Given Pliny's attested interest in Catullus of Verona, serious thought (and this brief introductory space) should be given to more plausible and solid suggestions about his ancestry, such as the advanced neoteric poet Caecilius of Novum Comum who is the subject of Catullus' poem 35, together with his incomplete epyllion on the Magna Mater and his gifted poetess girlfriend, the Sapphica puella / musa doctior, who may well be Lesbia herself before she ended up with Catullus.Appietas (talk) 01:23, 9 November 2008 (UTC)
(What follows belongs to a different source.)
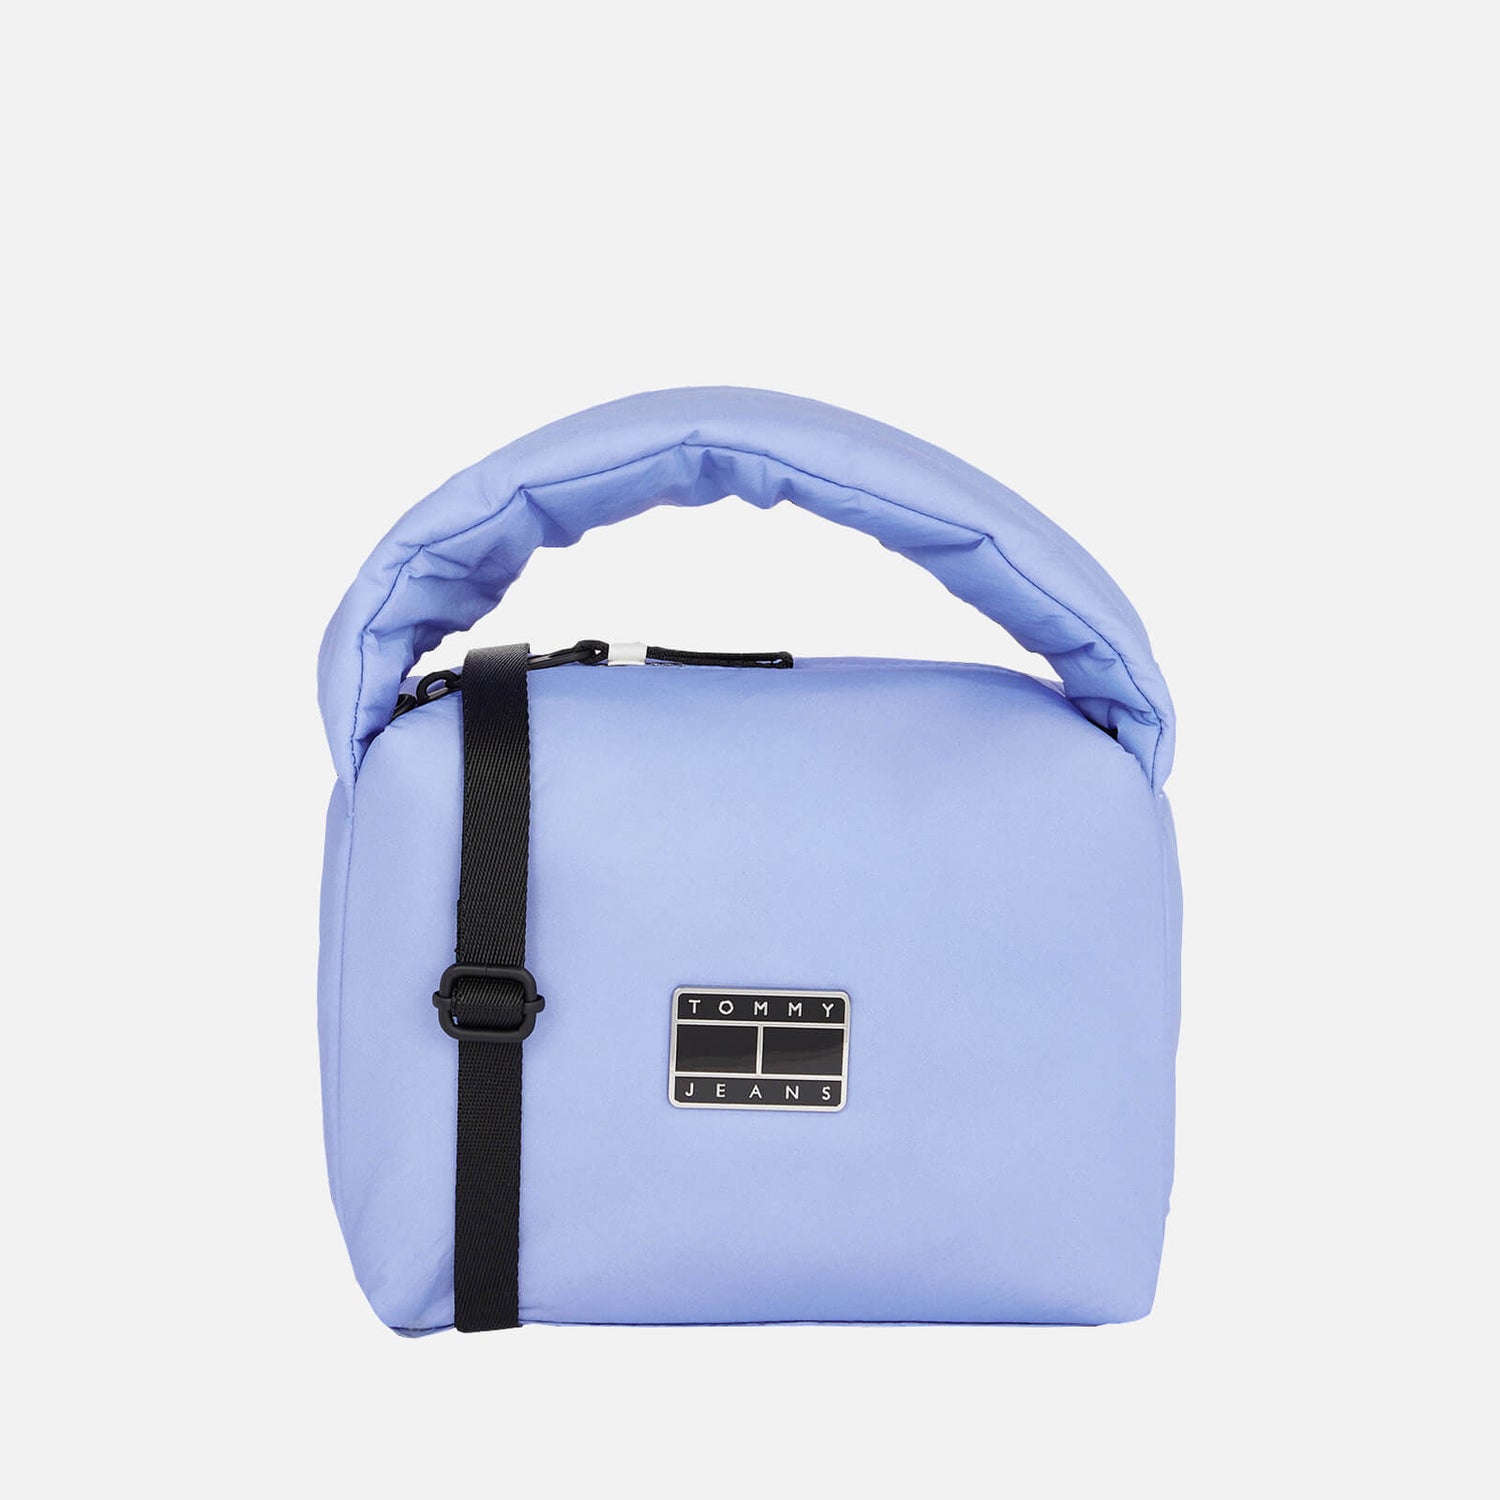 Tommy Jeans Women's Hype Conscious Crossover Bag - June Iris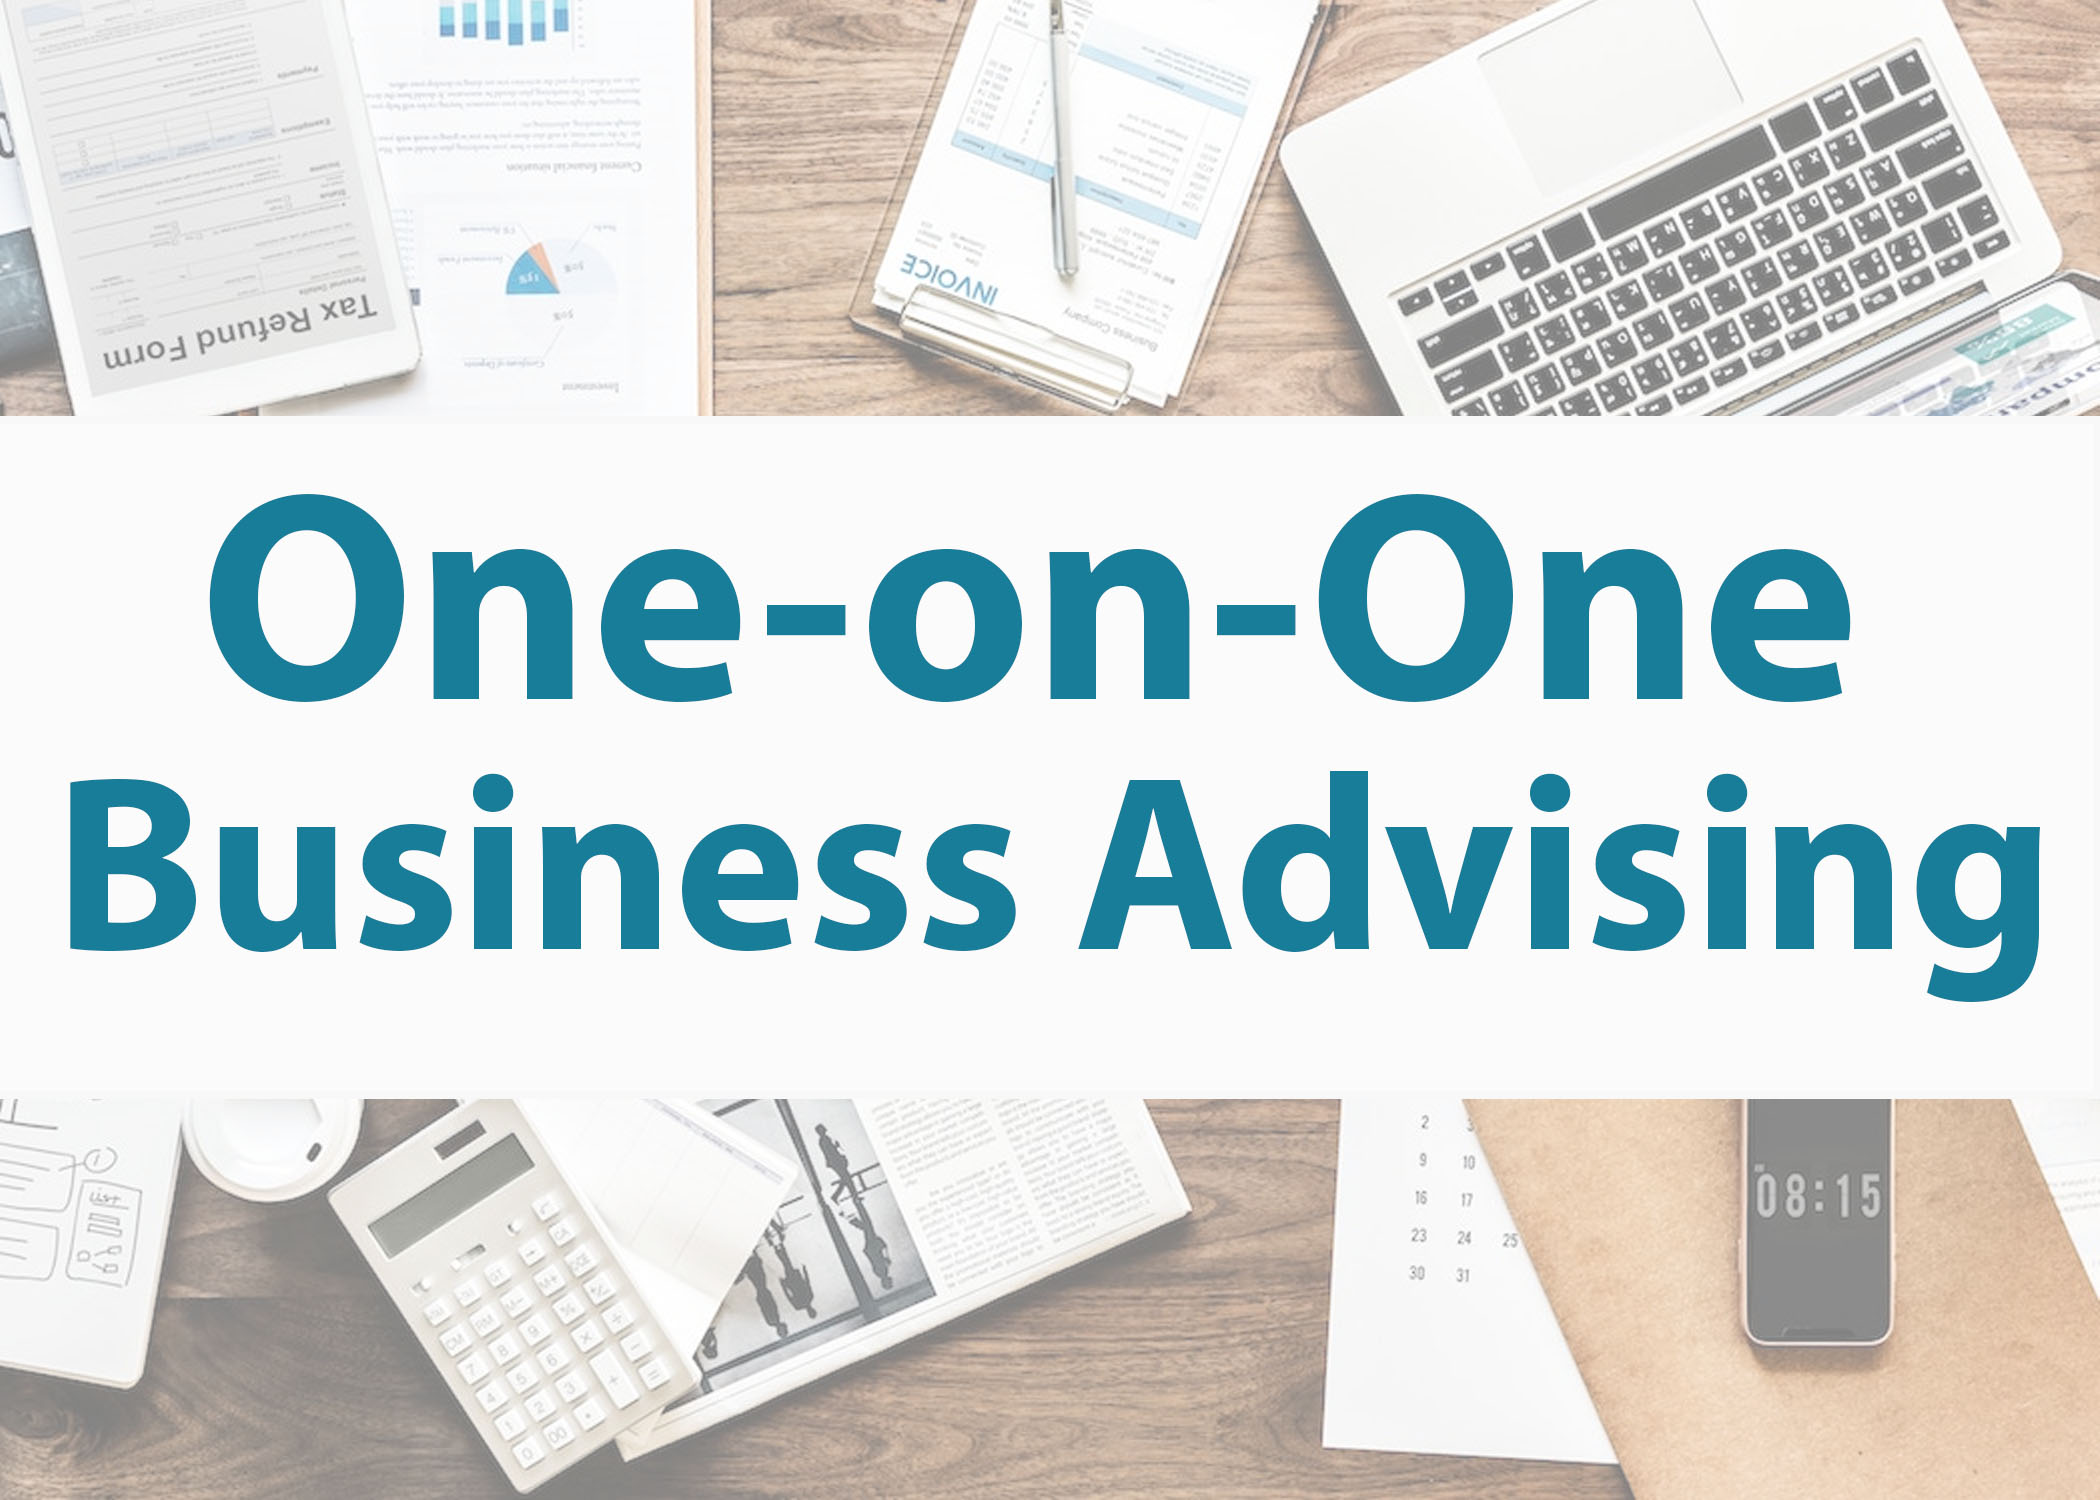 One-on-one business advising

Hello Mr. Appietas. In all this sprawling discussion I can probably address your suggestions easiest if you might still be interested (which you may not be). At the top of the page it says: "This is not a forum for general discussion about the article's subject." We try not to insert our own opinions (not always possible) but to present the ideas of the sources. In academic terms, this is not an original paper, only a paper. So, all we are doing is recapitulating known ideas and sources. Your opinions are impressive and learned but until you cite some sources, only your opinions. Everyone is encouraged to work on the article. The idea is, you have to do better than what was there. Best wishes.Dave (talk) 21:50, 18 May 2009 (UTC)

Vera gloria[edit]

Sad to say (I enjoy my myths as much as anyone) the supposed vera gloria quotation as presented is just a myth. Pliny the elder said no such thing as far as I can find out. The expression is parroted for some 200 years or more but none of the instances give a proper citation. All they say is "Pliny" or "an ancient author". The expression is like something said by Pliny the Younger in a letter concerning his uncle. So if you don't mind, in the spirit of Wikipedia, which insists on citations, I am going to put what Pliny the Younger said in there. It is a fine saying indeed but there is no evidence the elder ever said it. If you find any we can put the citation back and I will be as happy as anyone about it, since, as I say, I enjoy our myths as well.Dave (talk) 04:08, 19 May 2009 (UTC)

Off-topic tag[edit]

This article is about Pliny the Elder. For methods and history of gold-mining, see under gold-mining. For Roman methods presented in Historia Naturalis, see under Historia Naturalis. Any comments? What are we going to do with this extraneous section, which lengthens the article, taking up all Pliny's living space?Dave (talk) 03:55, 20 May 2009 (UTC)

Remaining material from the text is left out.